▸ **HOW TO COMPLETE THIS TASK**:
The answer is to be the lines below that lie between the line holding "Buy Annies Homegrown" and the line holding "2021 Ram 1500 Limited EcoDiesel parked", inclusive, transcribed exactly and free of pictures.

▸ **DATA SHOWN**:
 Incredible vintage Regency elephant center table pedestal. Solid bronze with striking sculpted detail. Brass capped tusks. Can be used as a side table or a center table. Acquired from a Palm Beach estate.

---

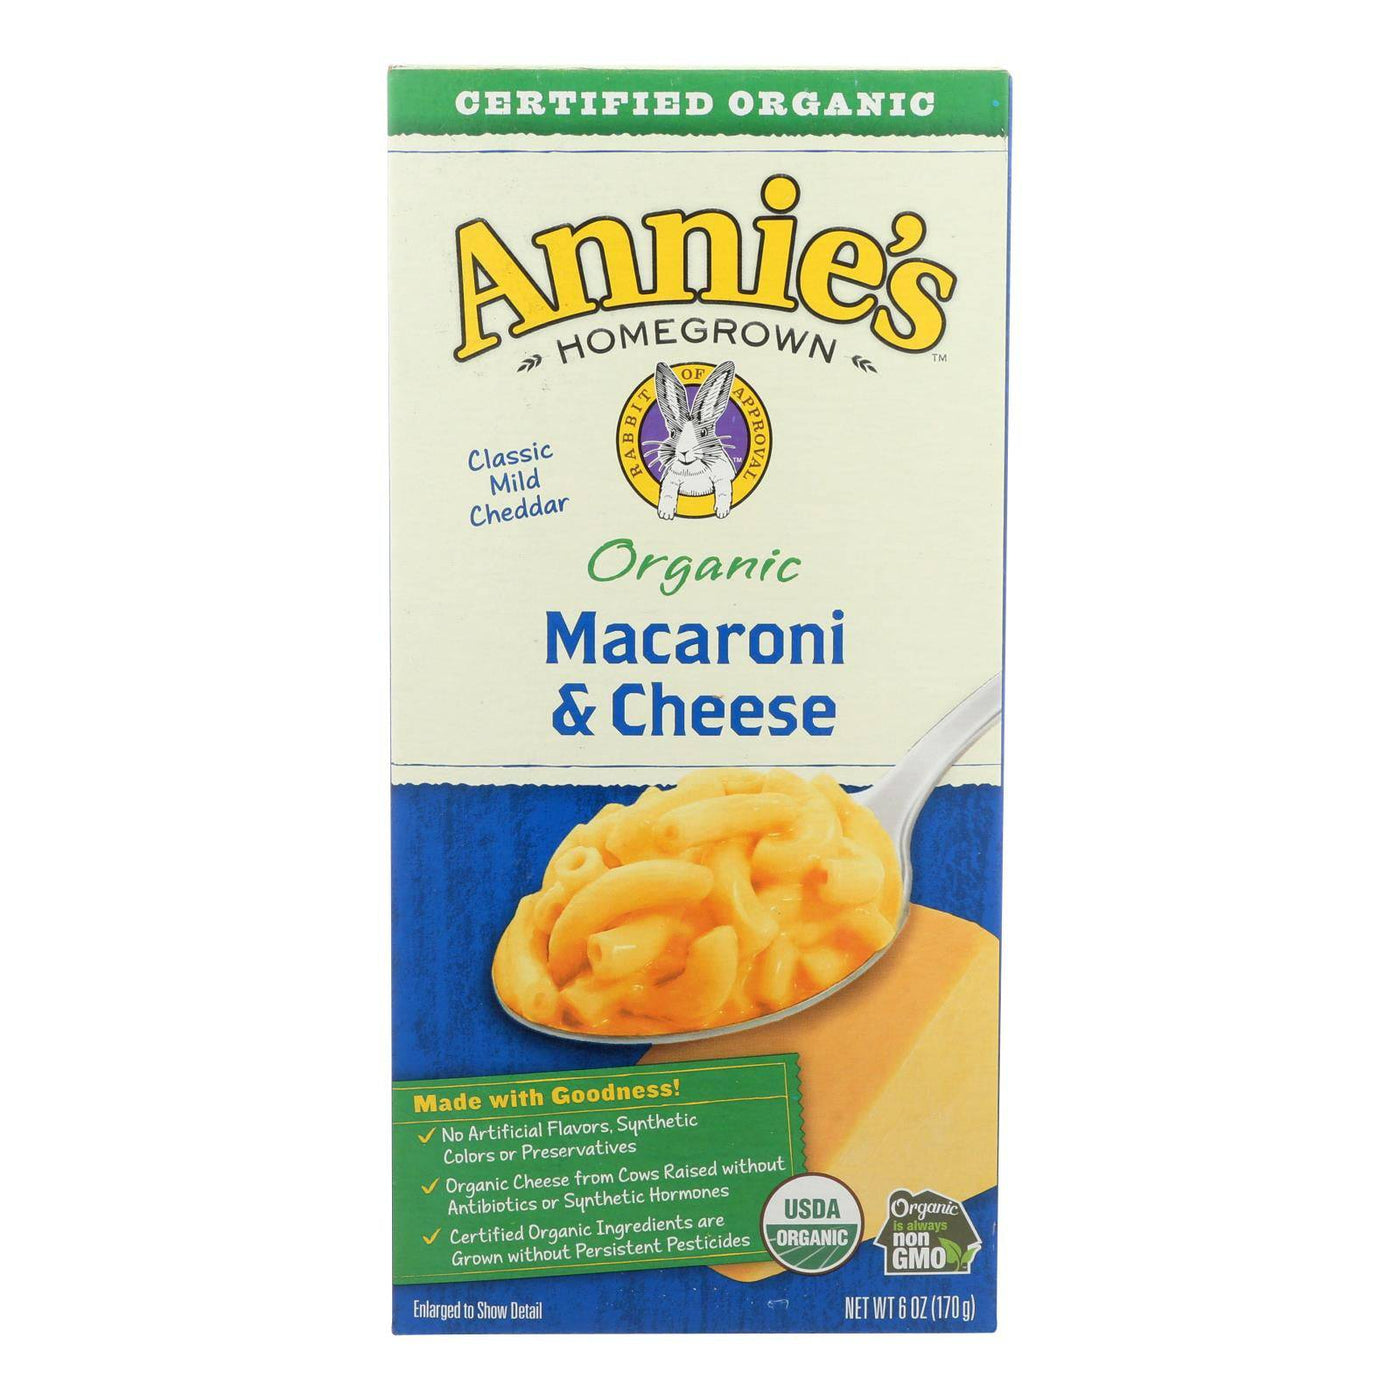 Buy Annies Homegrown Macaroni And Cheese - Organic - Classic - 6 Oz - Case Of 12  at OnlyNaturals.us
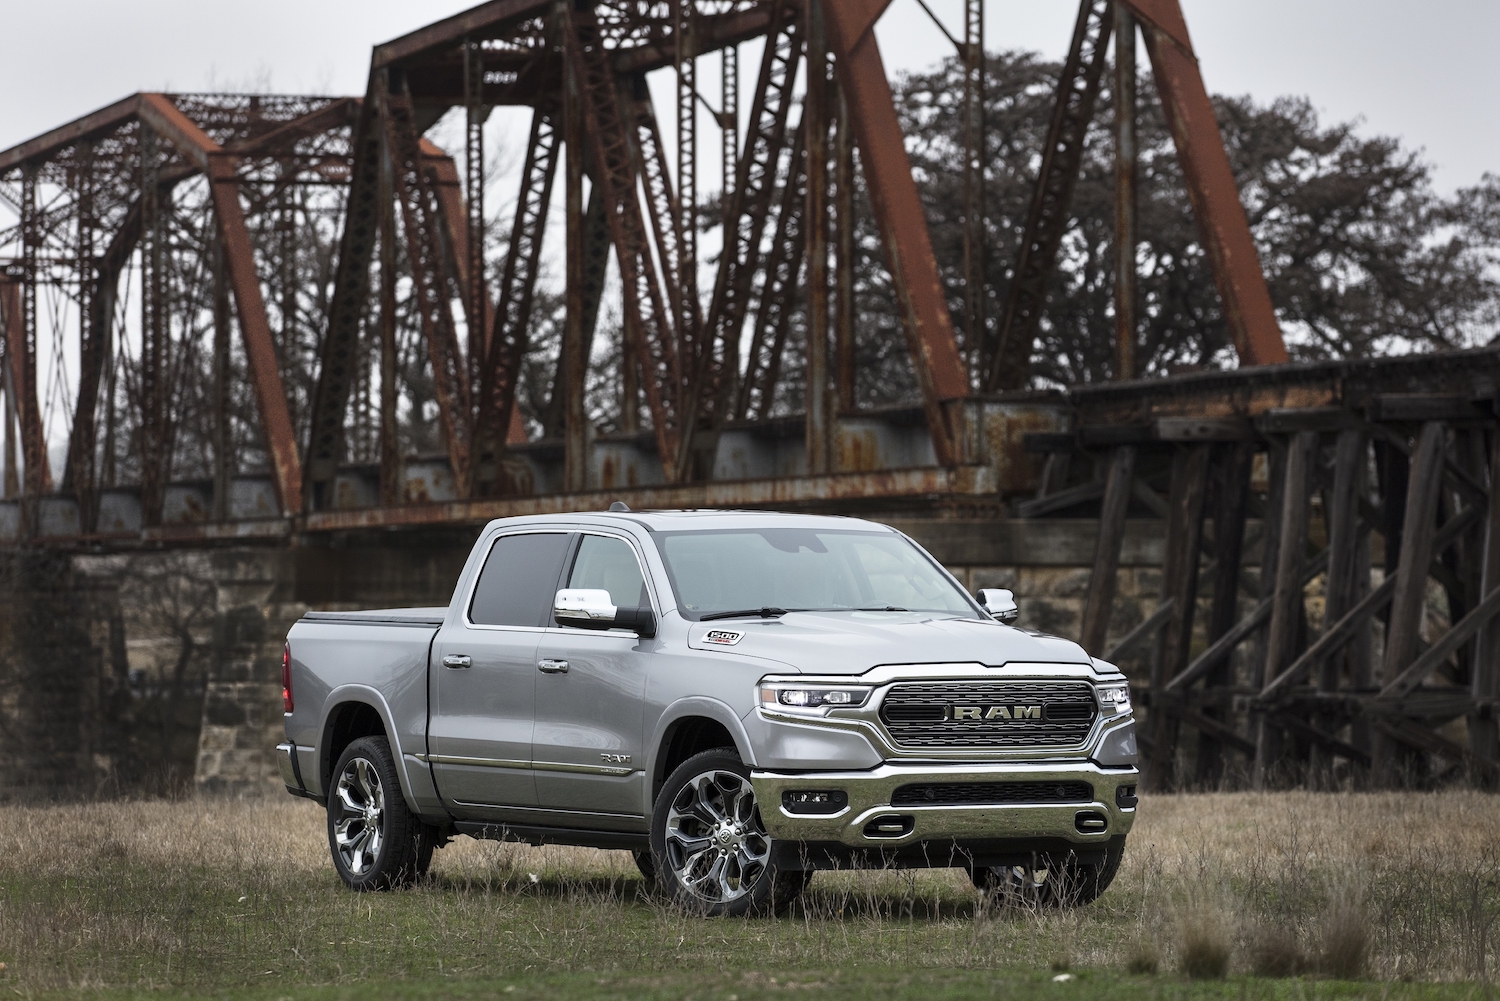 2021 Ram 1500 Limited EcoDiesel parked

* * *

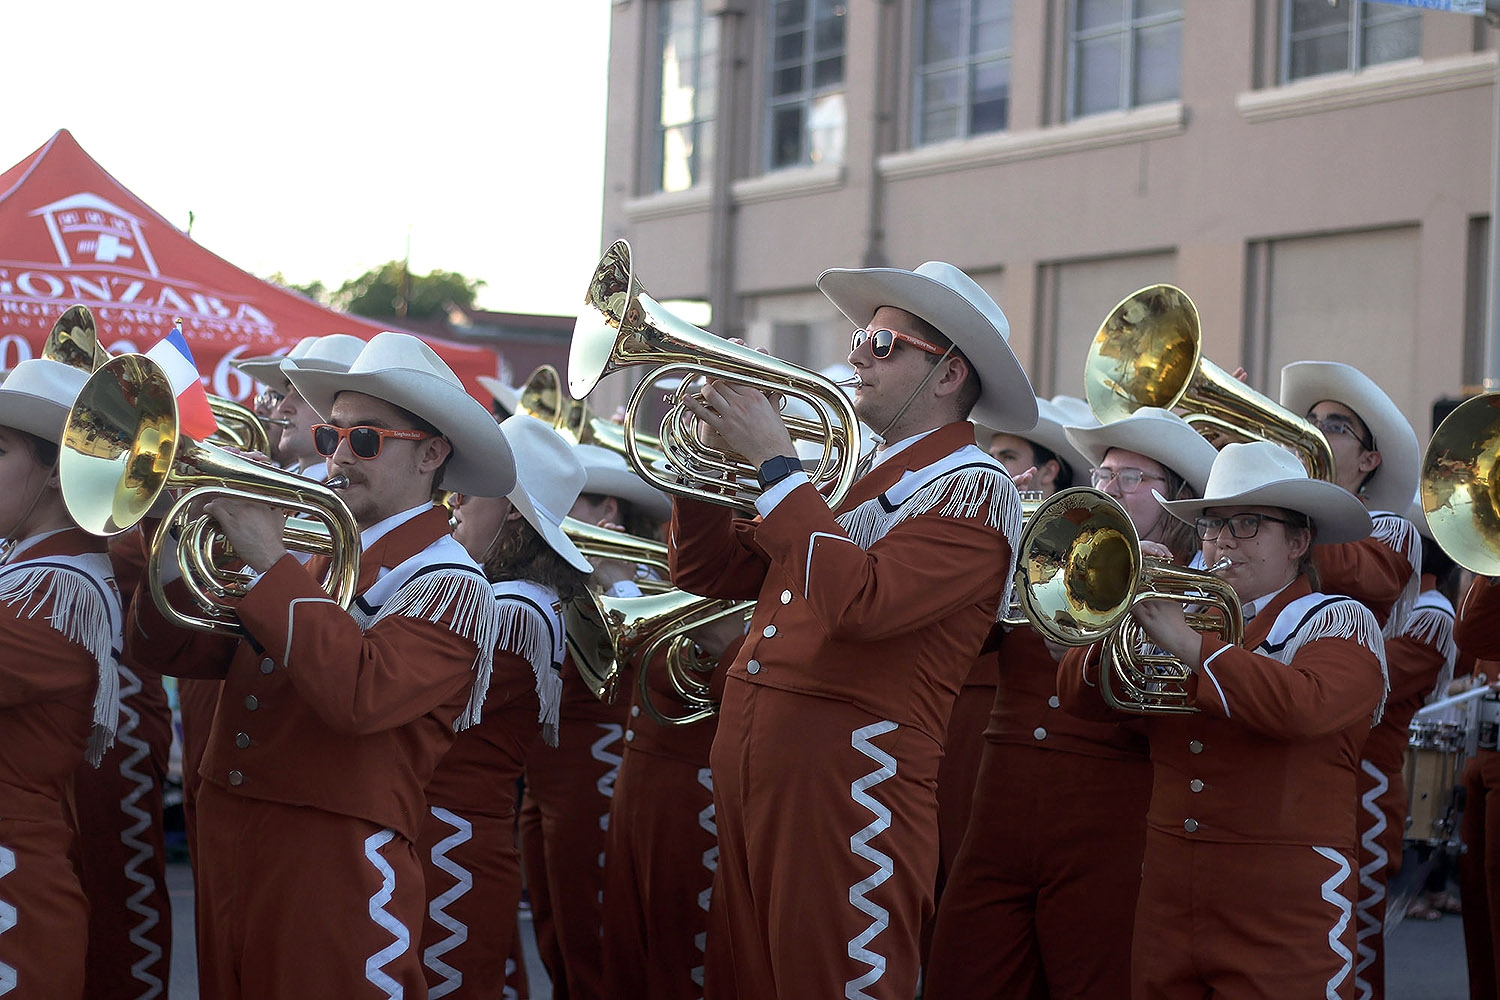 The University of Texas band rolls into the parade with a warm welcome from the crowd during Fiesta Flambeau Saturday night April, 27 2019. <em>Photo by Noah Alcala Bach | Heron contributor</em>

▸ **SOLUTION TO THIS PROBLEM**:
 Buy Annies Homegrown Macaroni And Cheese - Organic - Classic - 6 Oz - Case Of 12  at OnlyNaturals.us
 2021 Ram 1500 Limited EcoDiesel parked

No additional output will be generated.